Factor exposure: strong momentum (59%) and a size tilt (20%), with low overall signal coverage. Factor exposure is basically checking what hidden personality traits your portfolio has — speed, stability, cheapness, etc. You’ve clearly leaned into momentum: buying what’s been winning. That works great until the music stops, then momentum flips from “genius” to “faceplant” very fast. The size tilt hints at some leaning away from only the absolute largest names, but nothing extreme. Missing pieces: no clear lean into value, quality, or low volatility — so you’re chasing what’s hot without much built-in safety net. Gas pedal, minimal seatbelt.
Risk contribution is the “who’s actually causing the mood swings” metric, and here it’s brutally simple: North America ETF ~41%, Europe ETF ~39%, EM ETF ~20%. The risk-to-weight ratios all sit around 1, so nothing is secretly blowing up the volatility behind your back. Each position is pretty much pulling risk in line with its size. That’s surprisingly tidy and about as boring as risk structures get. The flip side: any change in these weights will directly change your ride quality — no hidden diversifiers bailing you out. Takeaway: if someday you want less drama, you’ll need to touch the sliders, not pray.

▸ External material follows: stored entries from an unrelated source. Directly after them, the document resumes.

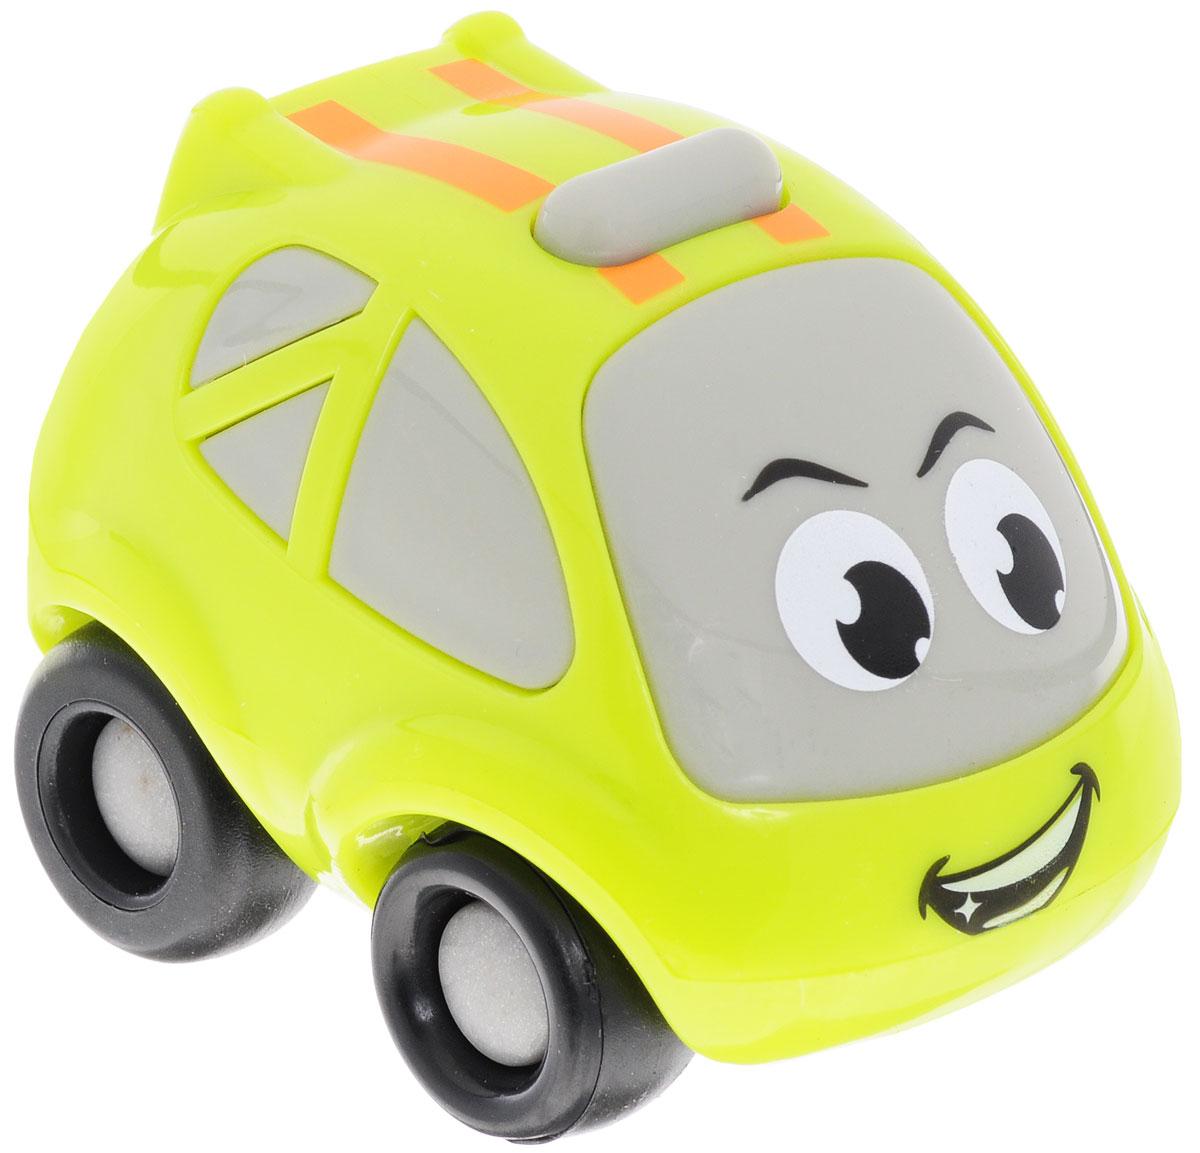 Smoby Машинка с моторчиком Vroom Planet набор из 2 х мотоциклов vroom planet 1 12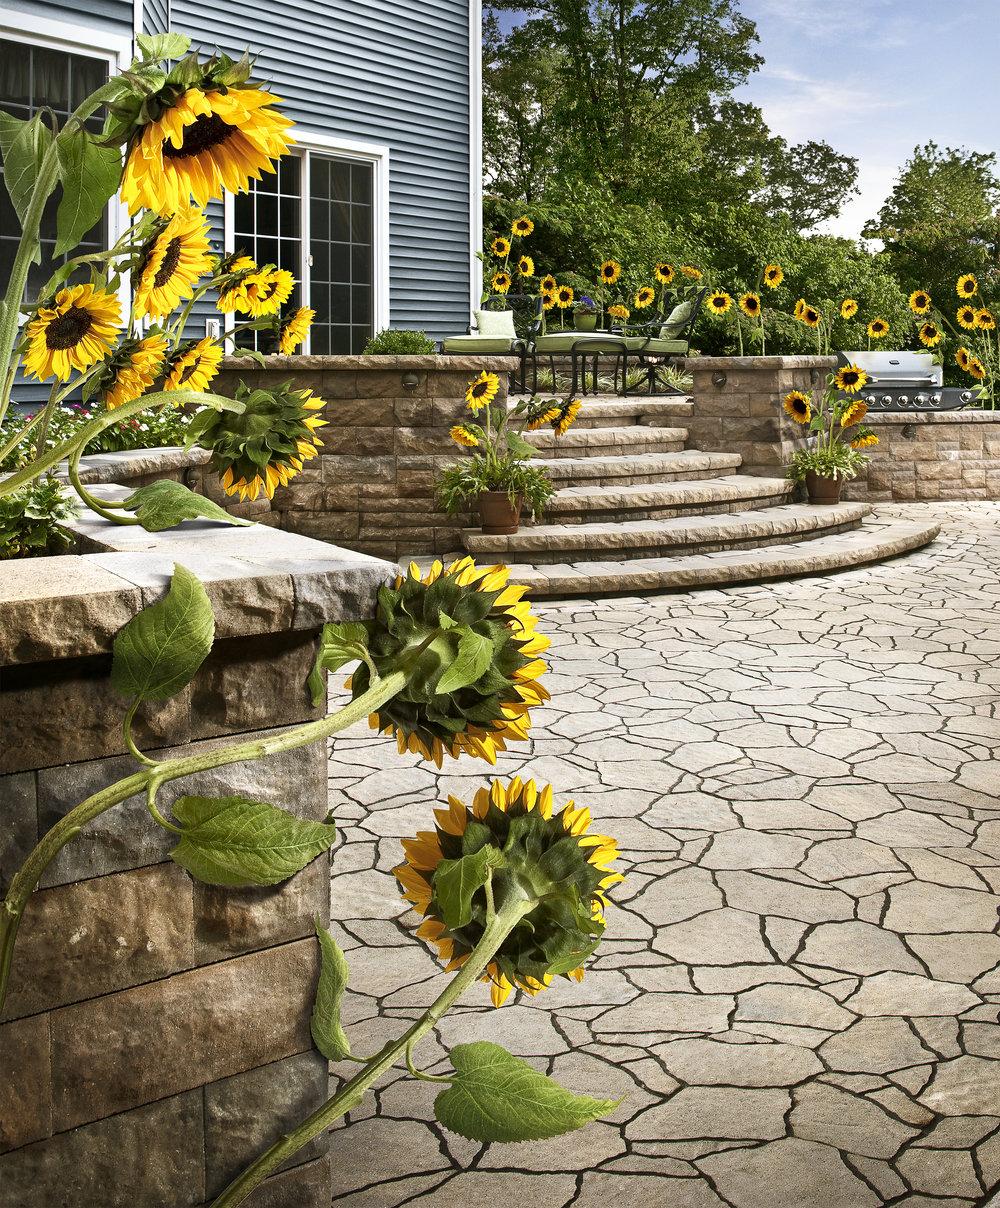 belgard_sunflowers@465.jpg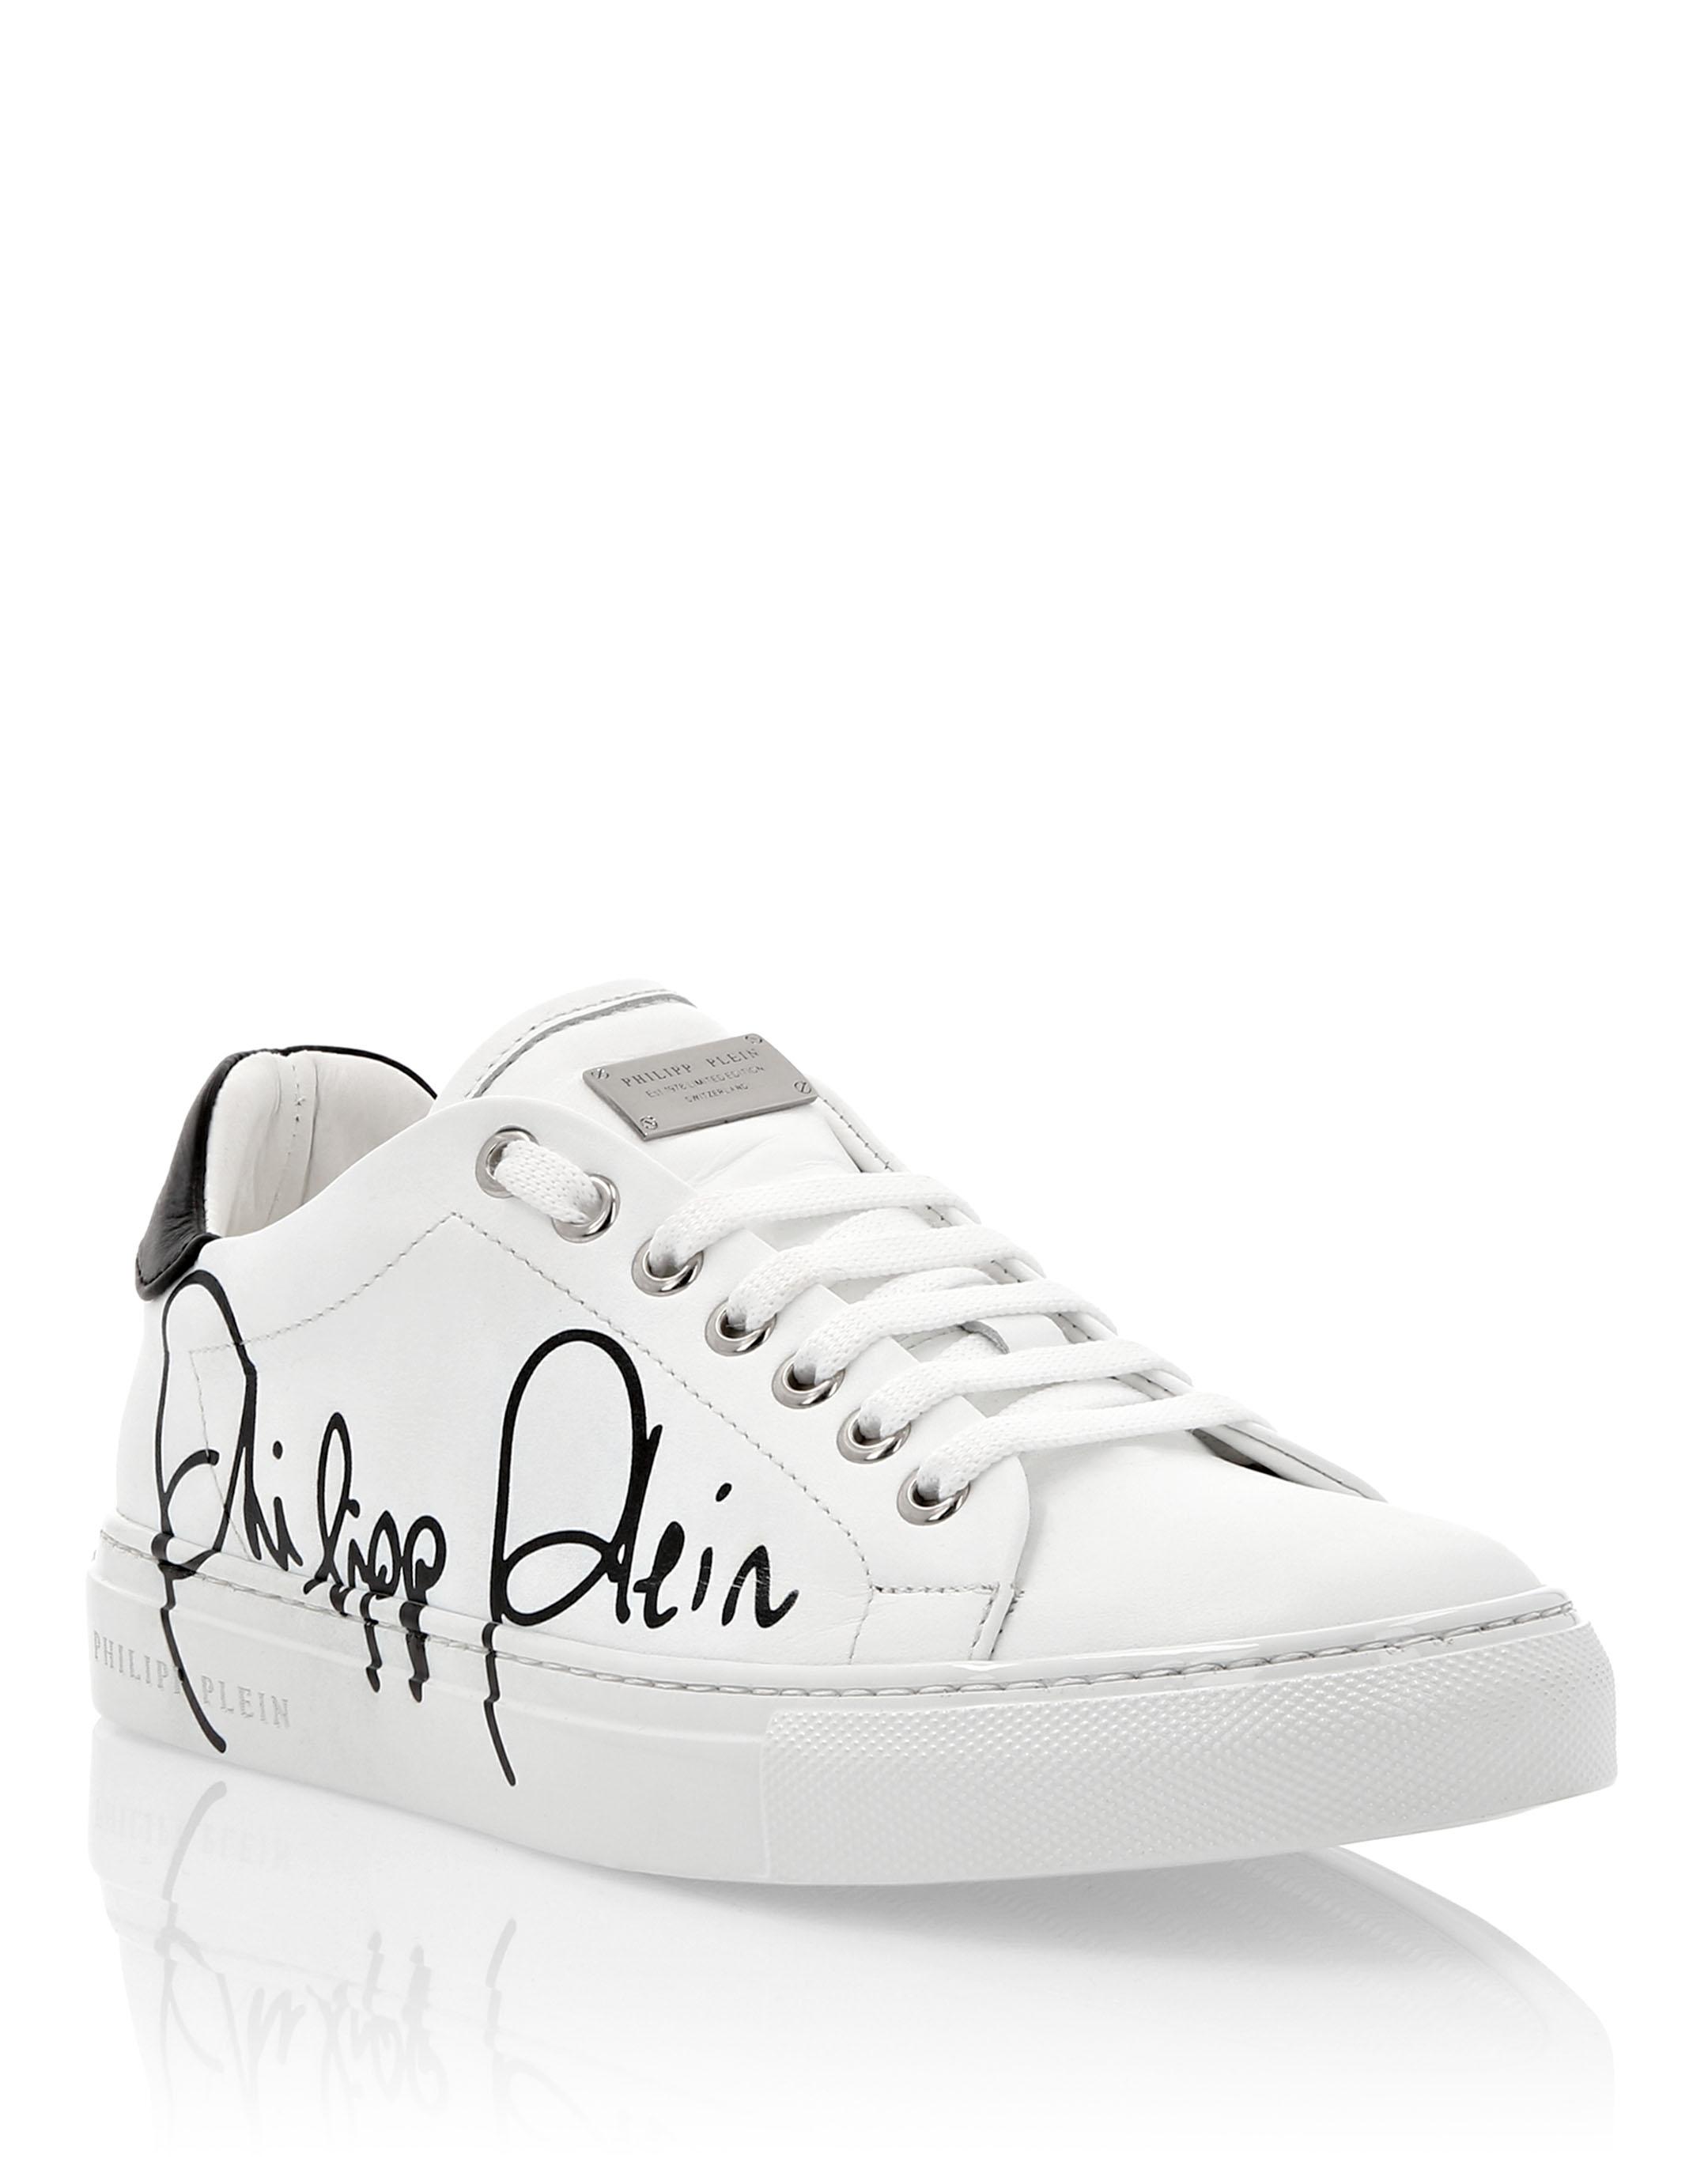 Lo-Top Sneakers Signature   Philipp Plein

This chart shows the Efficient Frontier, calculated using your current assets with different allocation combinations. It highlights the best balance between risk and return based on historical data. "Efficient" portfolios maximize returns for a given risk or minimize risk for a given return. Portfolios below the curve are less efficient. This is informational and not a recommendation to buy or sell any assets.
On the risk–return chart, your portfolio sits on the efficient frontier, which is the nerdy term for “best possible deal between risk and return given these ingredients.” You’re not at the optimal point, though: there’s a higher Sharpe ratio combo (0.74 vs your 0.57) with slightly more risk but noticeably more expected return. Minimum variance is barely less risky than what you have now, so you’ve basically chosen “middle child” between calm and spicy. The comedic part: you could improve the trade-off just by reweighting these same three ETFs, no new toys needed. You’re efficient, just not trying your hardest.
Costs are almost suspiciously low. A total TER around 0.10% is basically the financial equivalent of shoplifting the index — you’re paying just enough to keep the lights on. For what you’re getting (global diversification, big liquid products), you’re not lighting money on fire for branding or ego. There’s really nothing to roast here besides the fact that, with so little fee drag, you can’t even blame costs if performance lags. Takeaway: fees are one of the few things investors can actually control, and here they’re nailed — either on purpose or by very lucky ETF clicking.